Is Matt Holliday the answer to the Giants’ offensive woes?

It’s been five years since the San Francisco Giants have made a postseason appearance, so you’ll have to pardon their fans if they’re overly optimistic about the chances of their club possibly making the playoffs this year despite a lineup that often employs Edgar Renteria as its two-hole hitter.

The G-Men are currently 8.5 games back of the Dodgers in the NL West and with the PED Predator coming back from his suspension soon, L.A. is surely to stay well ahead of San Fran in the division. But the Giants are currently one game up on the Brewers for the NL Wild Card and if GM Brian Sabean could add a player or two before the July 31 trade deadline to help mask San Fran’s biggest flaw, then the five-year playoff drought could end.

What’s the Giants’ biggest flaw you ask? Well if anyone can look at their lineup without doubling over in side-splitting laughter, then some kind of award is deserved.

The starting pitching is absolutely outstanding, with Tim Lincecum and Matt Cain headlining a rotation that also features 300-game winner Randy Johnson and the now-watchable Barry Zito. The bullpen has actually been a strength as well, with Sergio Romo and Jeremy Afeldt proving to be steady setup men for ’08 All-Star closer Brian Wilson.

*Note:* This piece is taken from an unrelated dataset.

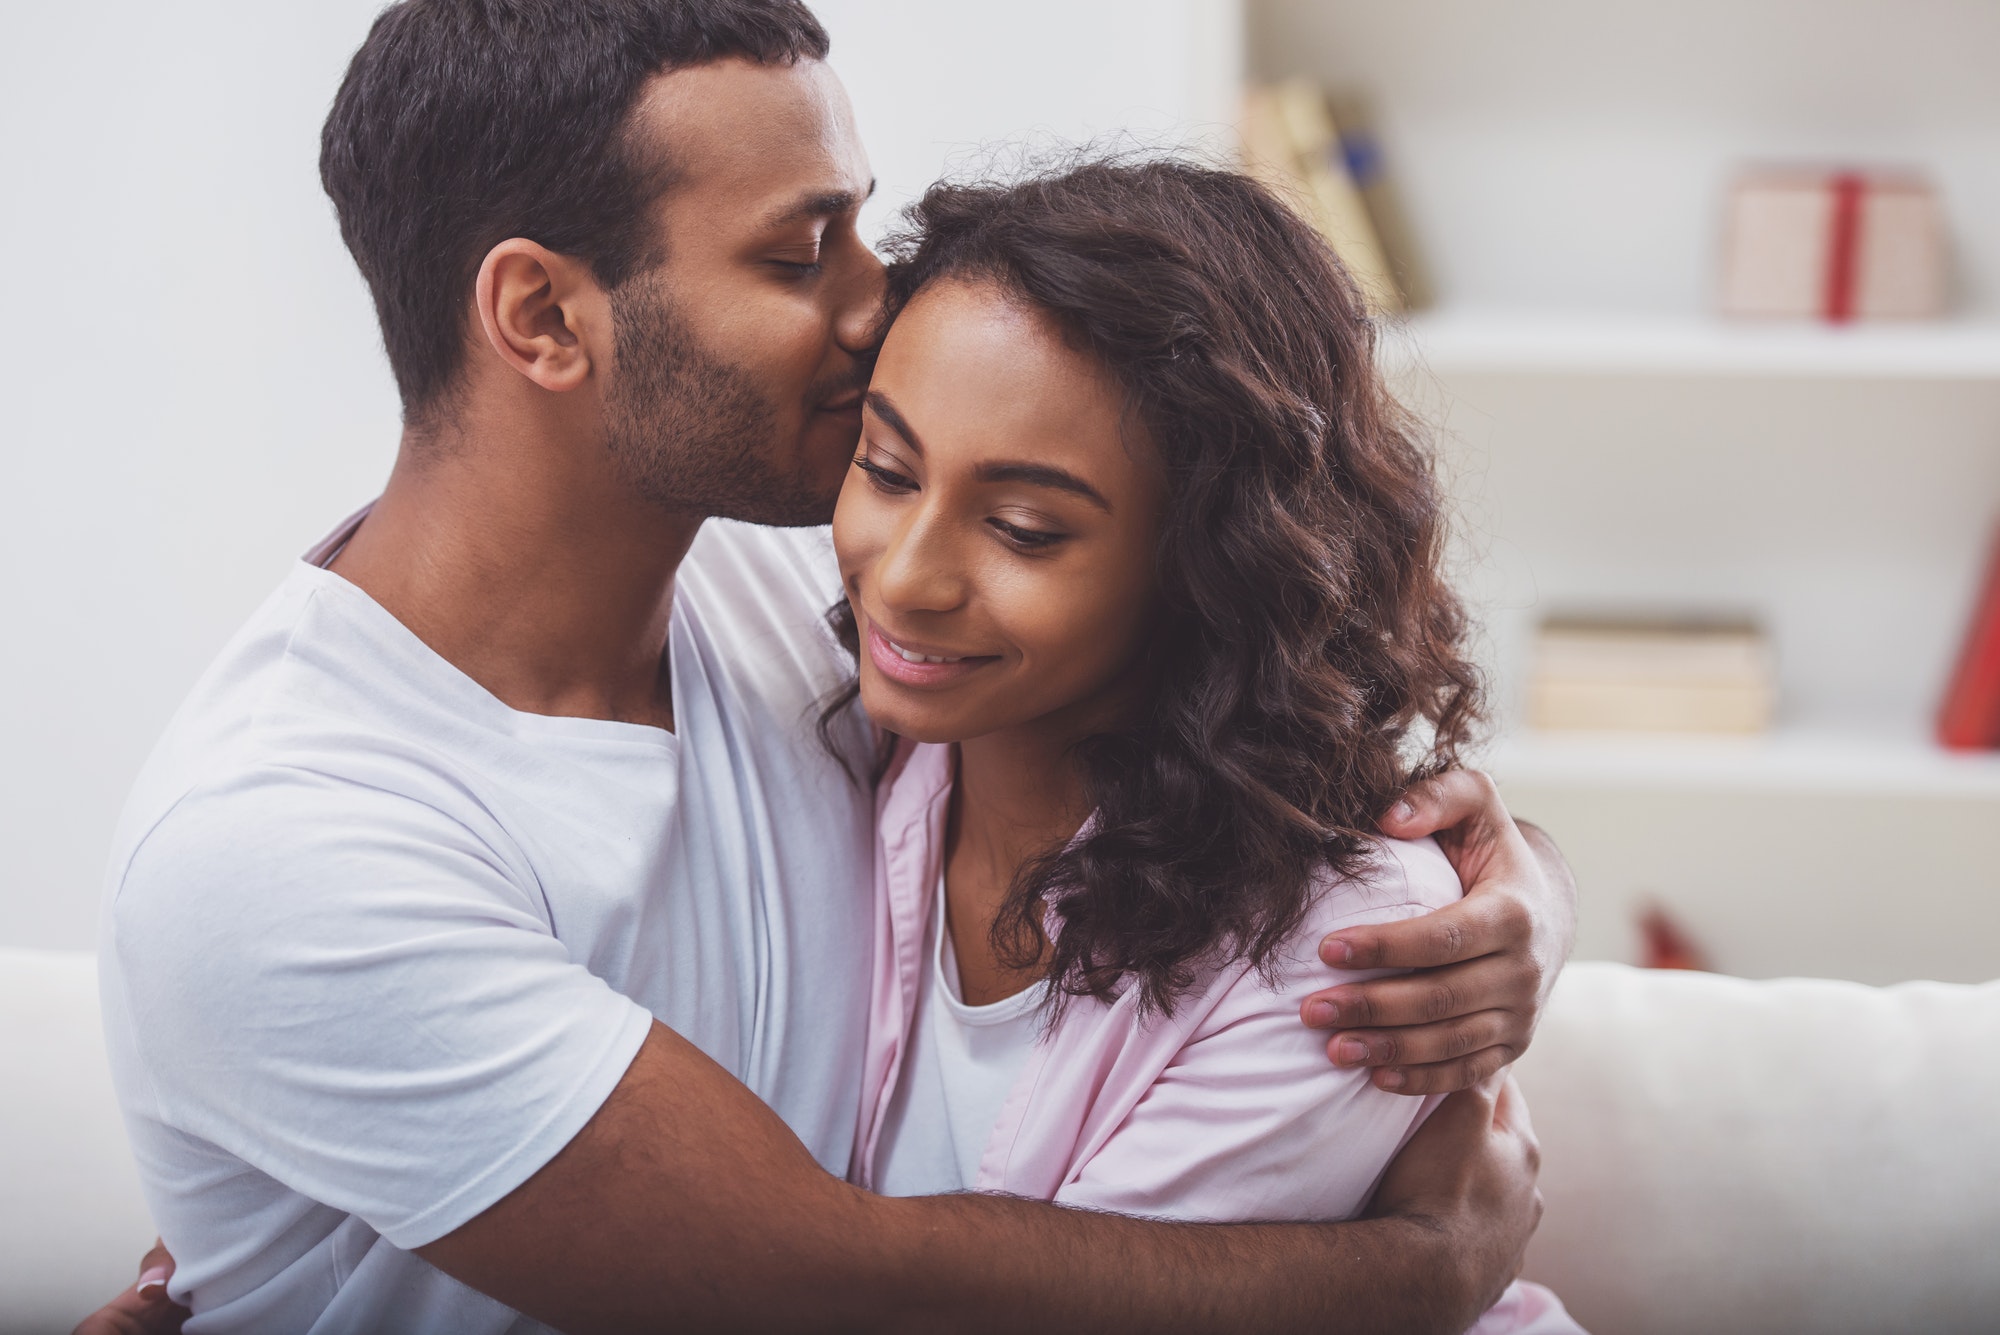 Building Trust and Intimacy Through Relationship Therapy

But the offense is at least one bat away from being beat-your-head-against-the-wall frustrating to, man-these-guys-aren’t-half-bad serviceable.

Enter Matt Holliday.

Even though the last place A’s would love to get something in return for Holliday before he walks at the end of the season, they’re not going to give him up for a warm hug and a bedtime story just to relieve themselves of his $13.5 million salary. They’ll likely want some young prospects and as long as their names aren’t Buster Posey, Madison Bumgarner or Tim Alderson, the Giants might be willing to part with a couple of their farm pieces.

What the Giants would love is if Oakland GM Billy Beane temporarily lost his mind and took a trade package with either Fred Lewis or Jonathan Sanchez as the headliners. But the stock has never been lower on Lewis and Sanchez, so it’s highly doubtful Sabean gets any kind of decent value for those players right now.

Granted, what the Giants really need is a solid bat in the infield. Their second base production this year has been a disaster (although recent call-up Matt Downs has showed signs of being a capable bottom-of-the-order player) and Renteria’s offense goes from nauseating to infuriating on a nightly basis. Unless Travis Ishikawa suddenly gets hot (which he could – he does have two home runs in the last four games), the Giants could stand to add a bat at first base, too. (Or allow Pablo Sandoval to play 1B and acquire a third baseman.) That said, Aubrey Huff, Nick Johnson, Mark DeRosa, Troy Glaus, Luke Scott, Adam Dunn, Felipe Lopez and Adam Kennedy are all possibilities.

Also, the Giants have a 25-year old in Nate Schierholtz who is finally getting a chance to play more regularly and is starting to heat up. So with Schierholtz producing and Randy Winn already holding down the other corner spot, is there room for Holliday? Andres Torres is already proving to be a fine fourth outfielder, so if the Giants didn’t move one of their existing outfielders, acquiring Holliday doesn’t make much sense.

But if they’re looking to make a splash, then you can’t get much better than Holliday in terms of what’s currently available. He knows the NL West, he’s the middle-of-the-order bat that the Giants covet and who knows, maybe he’ll go on an Alcatraz tour, fall in love with the city and decide to sign a long-term deal.

Last year the Dodgers took a risk and traded for Ramirez and wound up in the NCLS. Holliday hasn’t exactly been tearing it up in Oakland this season, but maybe a move back to the NL is exactly what he, not to mention the Giants, need. Either way, San Fran needs an offensive piece to help end their five-year postseason drought.